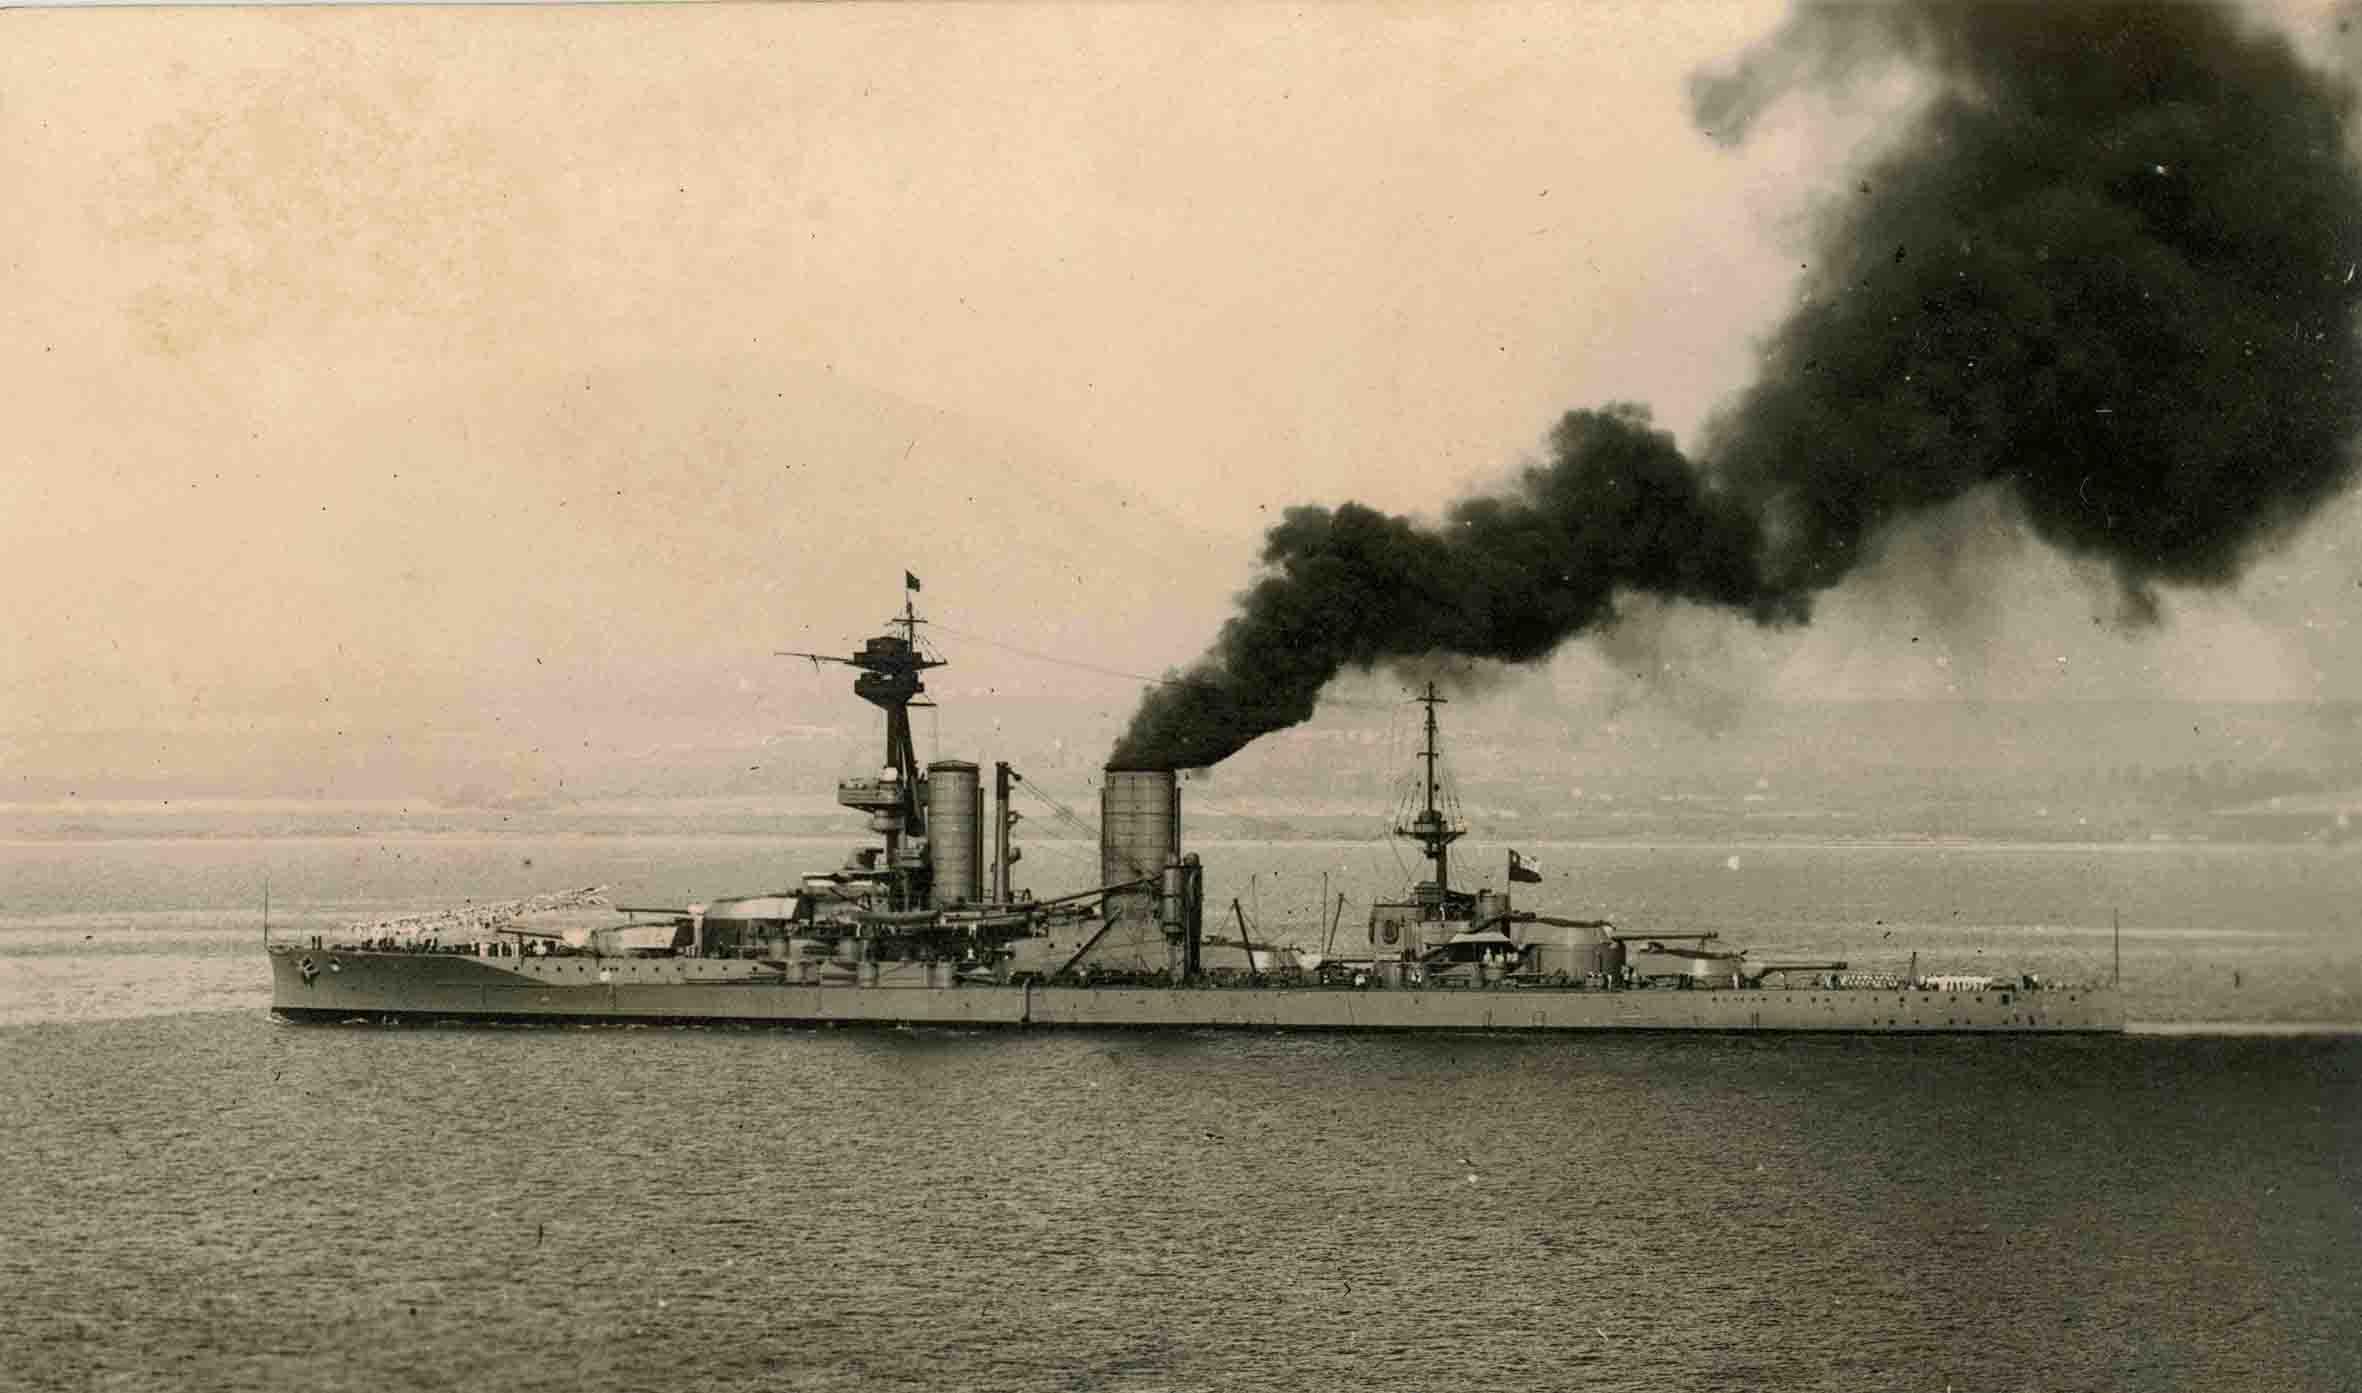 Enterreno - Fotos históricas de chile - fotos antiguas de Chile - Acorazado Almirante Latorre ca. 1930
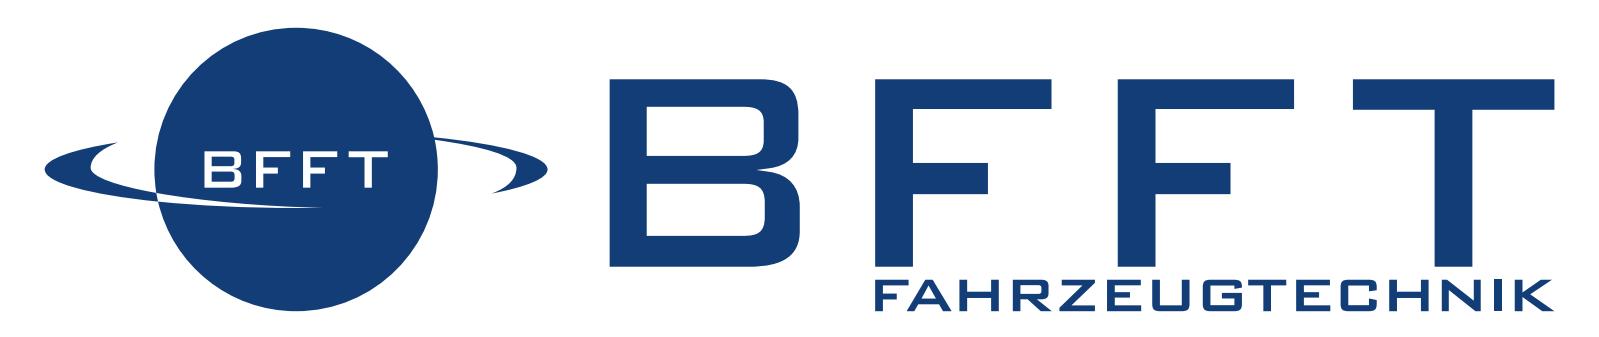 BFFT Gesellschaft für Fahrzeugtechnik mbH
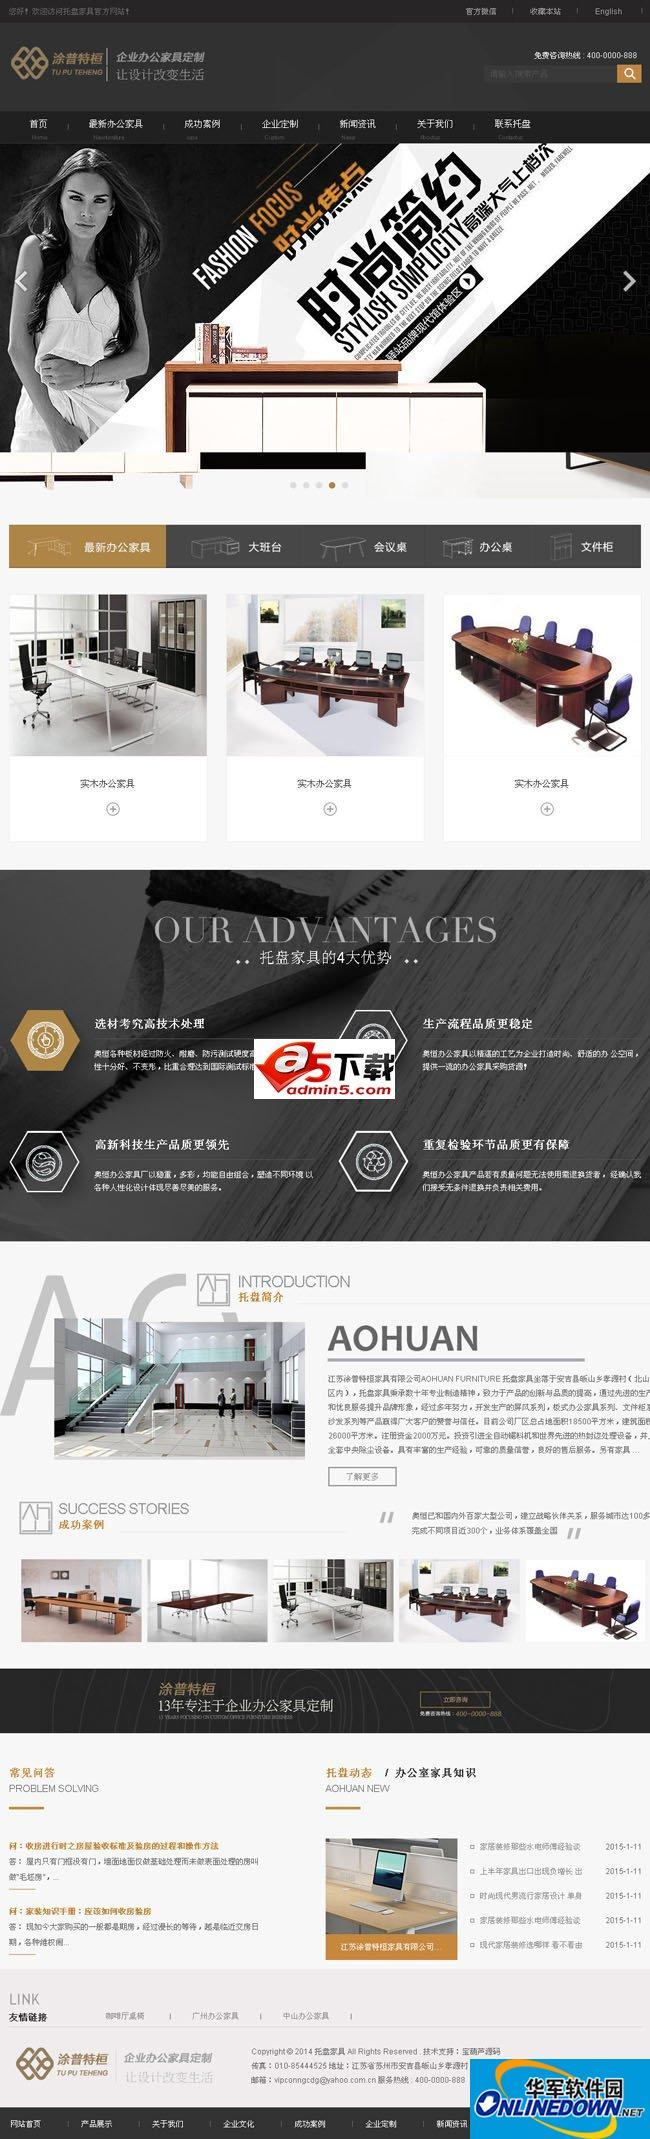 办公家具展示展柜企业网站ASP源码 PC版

━━━━

WHAT IS REQUIRED. Please transcribe the material above exactly as written. Leave the pictures out.

ANSWER SECTION.
 Enterreno - Fotos históricas de chile - fotos antiguas de Chile - Acorazado Almirante Latorre ca. 1930
 BFFT Gesellschaft für Fahrzeugtechnik mbH
 办公家具展示展柜企业网站ASP源码 PC版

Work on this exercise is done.